Example 73: 2- [3- (3,4-Dichlorophenyl) -5,6-dihydroimidazo [2, 1-b] thiazol-2-yl] -propan-2-ol A solution of the methyl ester of 3- (3,4-dichlorophenyl) -5,6-dihydroimidazo [2, 1-b] thiazole-2-carboxylic acid (Preparation 140, 1.50g, 3.67mmol) in THF (30 OmL) was cooled to 0 ° C under an inert atmosphere and a solution of 2.0 M methyl magnesium bromide in diethyl ether (7.30 mL, 14.67 mmol) was added over 5 min. The mixture was stirred for 1 h before the ice bath was removed and stirred for an additional 16hr. Saturated ammonium chloride (50mL) was added slowly, vigorously stirred for 15min then the suspension obtained was filtered. The resulting solid was washed with water (2 x 5. OmL) and dried under vacuum to yield the title compound. dH (DMSO): 1.25 (6H, s), 4.00 (2H, m), 4.15 (2H, m), 6.25 (HH, s), 7.55 (HH, d), 7.90 (2H, m); m / z (ES +) = 328.94 [M + H] +; TR = 2.34 min.

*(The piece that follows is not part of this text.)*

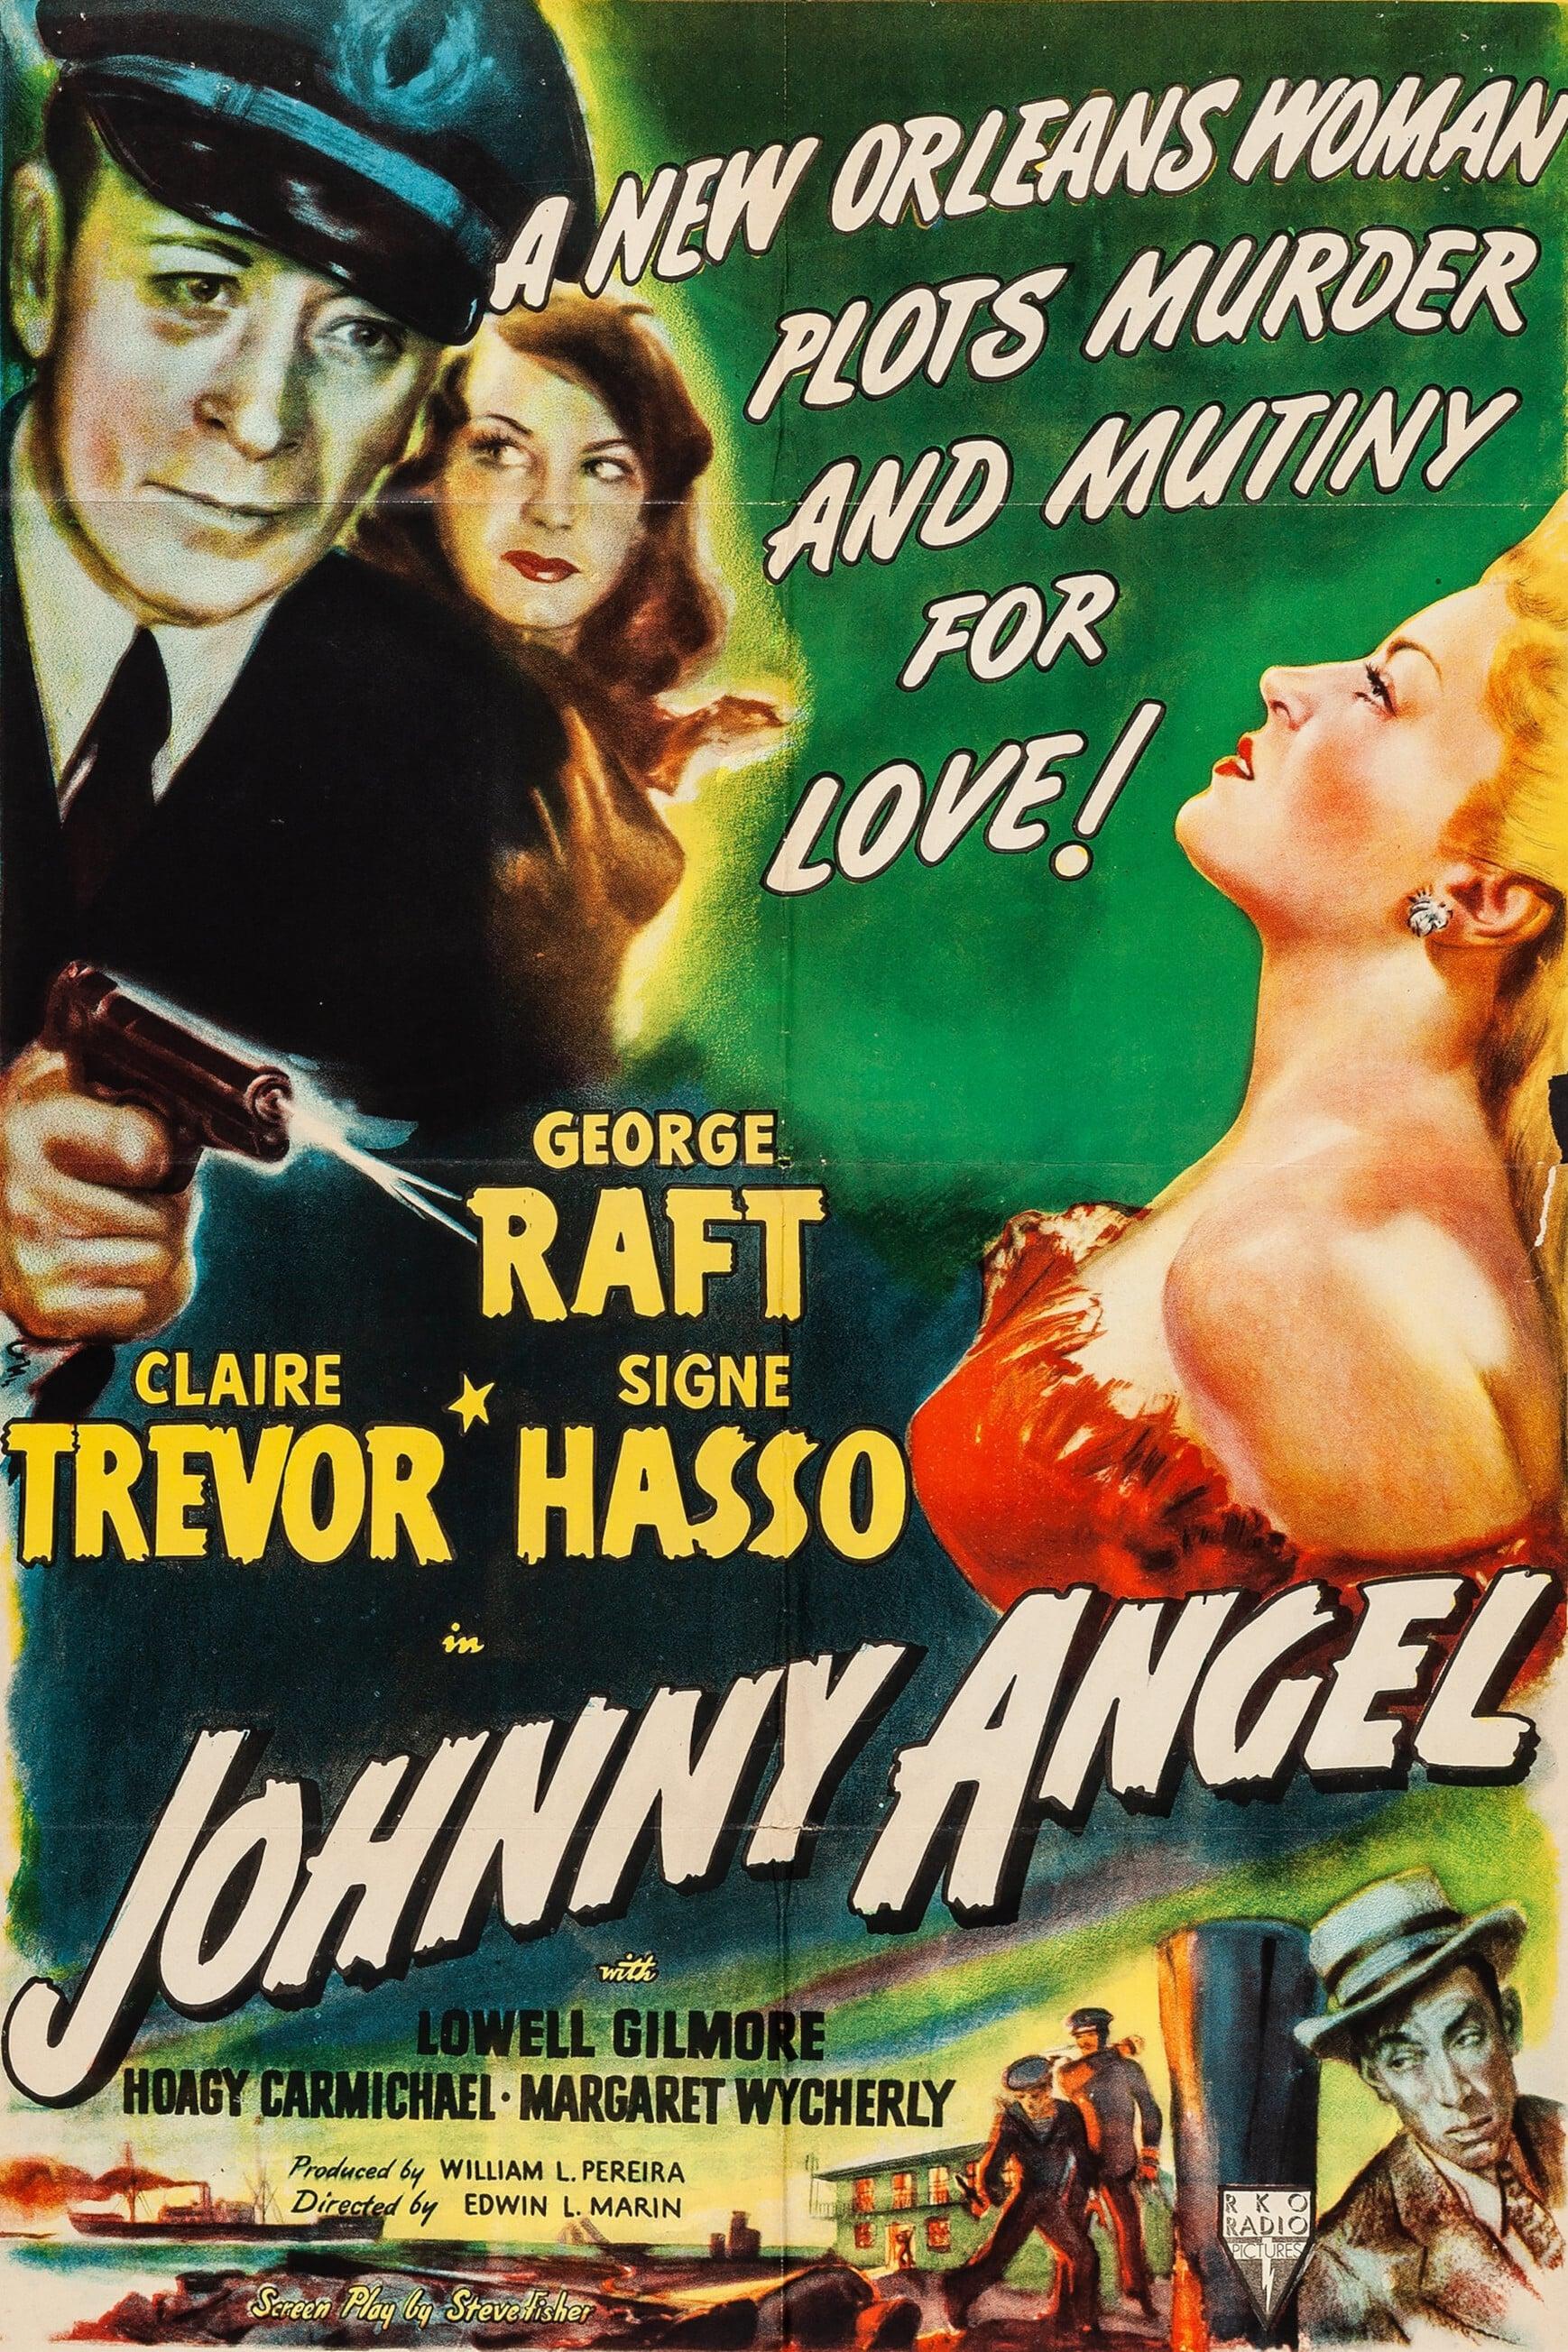 Johnny Angel poster

Example 74: 1- [3- (3,4-Dichlorophenyl) -5,6-dihydroimidazo [2, 1-b] thiazol-2-yl] ethanol A solution of 3- (3,4-dichlorophenyl) -5,6-dihydroimidazo [2, 1-b] thiazole-2-carbaldehyde (Preparation 138, 0.50g, 1.67mmol) in THF (20.OmL) was cooled to 0 ° C under an inert atmosphere and a solution of 3.0 M methyl magnesium bromide in diethyl ether (1.67mL, 5.01mmol) was added over 5min. The mixture was stirred for 1 hr before the ice bath was removed and stirred for an additional 16hr. The water (40 mL) was then added, stirred vigorously for 15 min, then the aqueous layer was extracted with EtOAc (3 x 50 mL), the organic layer was dried (MgSO4) and concentrated in vacuo. The yellow solid obtained was triturated with DCM (2 x 2.OmL) and the residue of the solvent was removed in vacuo to give the title compound, dH (DMSO): 1.25 (3H, d), 3.70-3.50 (2H, m ), 4.00 (2H, m), 4.55 (HH, m), 5.40 (HH, m), 7.50 (HH, d), 7.80 (2H, m); m / z (ES +) = 314.91 [M + H] +; TR = 2.39 min.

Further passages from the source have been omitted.